Despite a host of emergency measures implemented in response to the crisis, no one believes that the underlying problems of energy infrastructure or faulty market designs have been completely corrected. Particularly, many Californians are concerned that regulators:
- Have failed to attract enough generation to meet demand (witness many cancelled merchant projects);
- Have not created conditions conducive for energy efficiency; and
- Have established draconian liability schemes in the procurement process;
For example, regulatory policies about customer choice have largely been punitive since the crisis, with an emphasis on making certain that few customers can escape some liability for the costs of power procurement, says California Manufacturers and Technology Association's (CMTA) Vice President of Government Relations Dorothy Rothrock. Southern California (SoCal) Edison was able to win a 2 cents/kWh "historic procurement charge" (HPC) as part of its financial rescue plan to cover losses from the summer of 2000. Then, in December 2002, the California Public Utilities Commission (CPUC) implemented a statewide "cost-responsibility surcharge" (CRS) of 2.7 cents/kWh to raise about $500 million per year from direct-access customers and pay for the power that state Department of Water Resources purchased. The surcharge is non-bypassable, meaning that customers must pay it no matter where they obtain their energy commodity.

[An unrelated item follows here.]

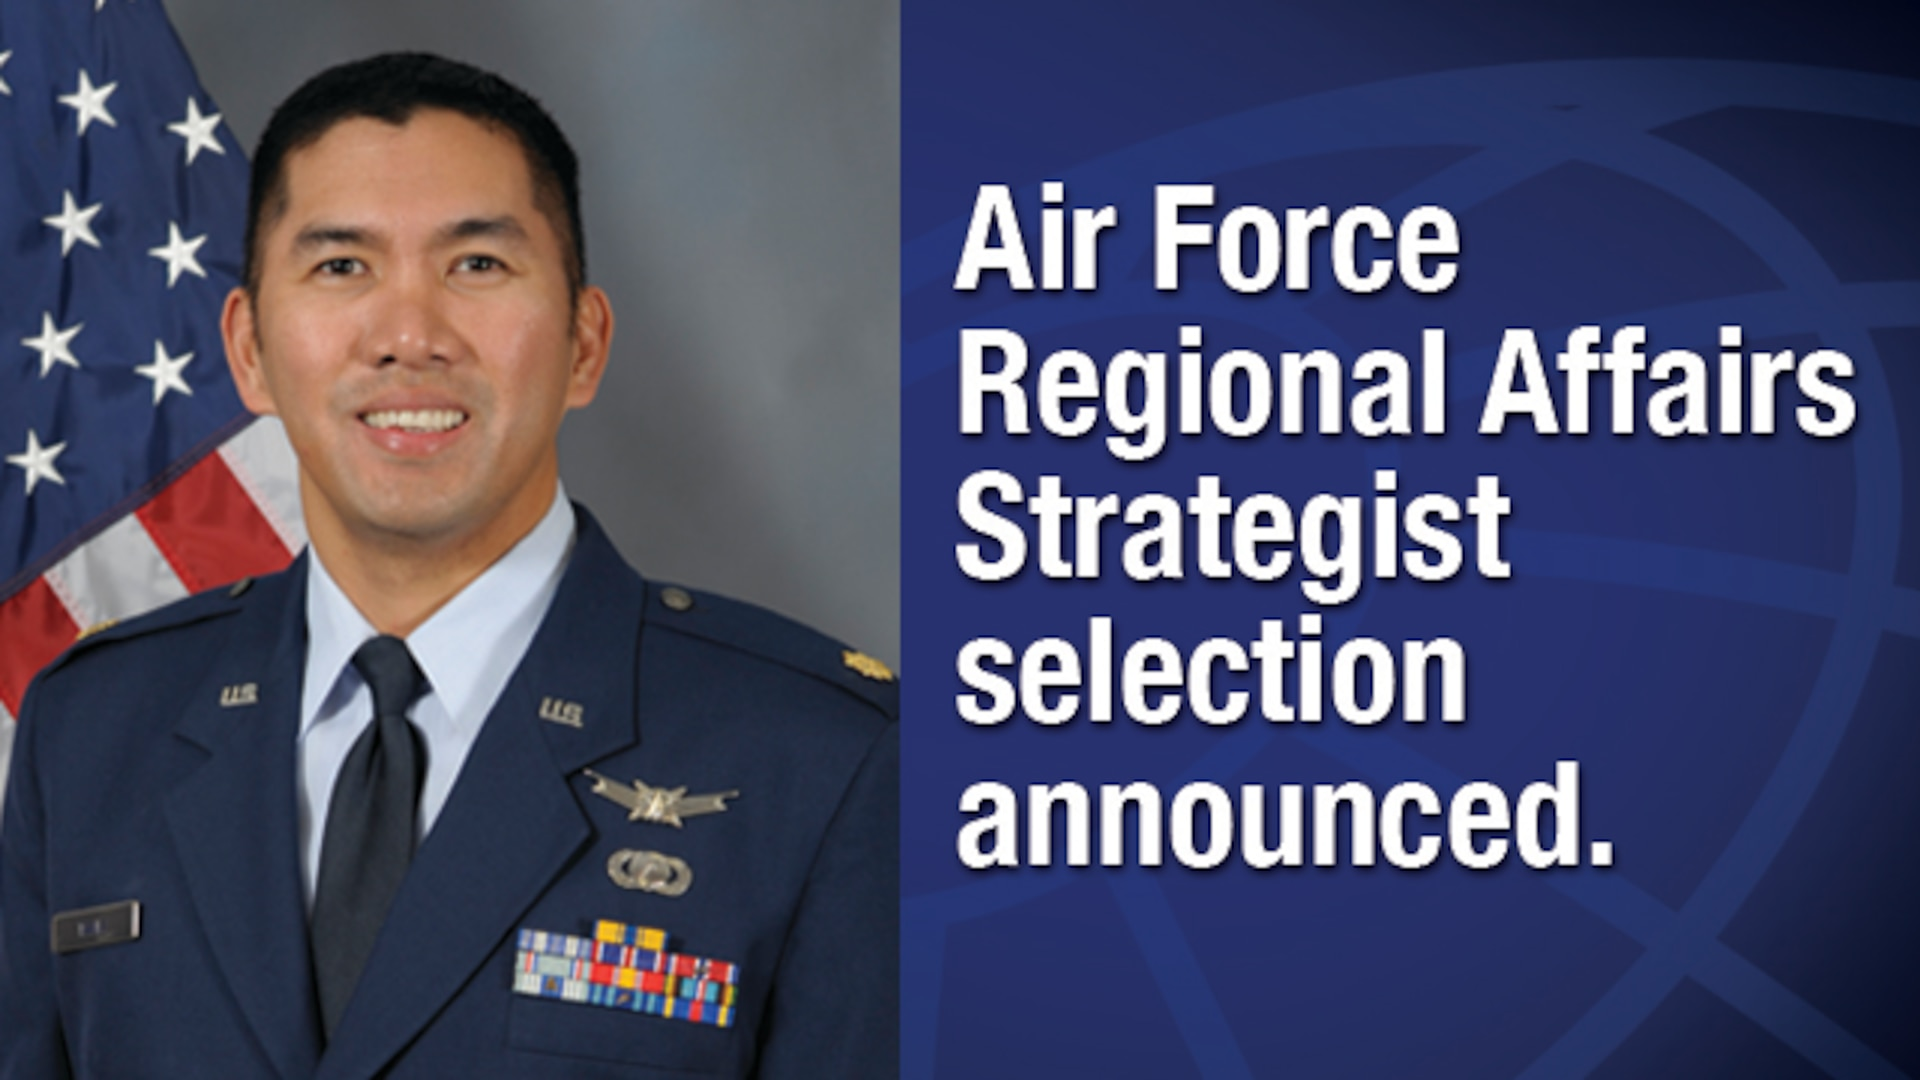 DCMA Lockheed Martin Orlando employee selected for immersive Air Force Regional Affairs Strategist program.

With a new assessment of the costs of paying off the DWR bonds, that CRS figure may rise to as much as 4 cents/kWh this summer, Rothrock said, eroding the cost savings that companies are seeing from market-based power options. She called it a "time-delayed impact" of the power crisis.
How the CPUC deals with such liabilities will provide a signpost for future regulatory directions about the marketplace.
One recent issue on the CPUC's agenda offered an illustration of the various factions at play. There were three alternate versions of a policy for imposing a departing-load charge (a.k.a. exit fee) for customers who install on-site cogeneration equipment. Any existing bypass units as of Jan. 17, 2001, will be exempt from the charge, which has not yet been calculated. That will await a later ruling. What was on the table for consideration were the various components of the prospective fee, particularly the responsibility for covering a portion of the DWR bond charges going forward and Edison's HPC, plus several possible exemptions from the charge.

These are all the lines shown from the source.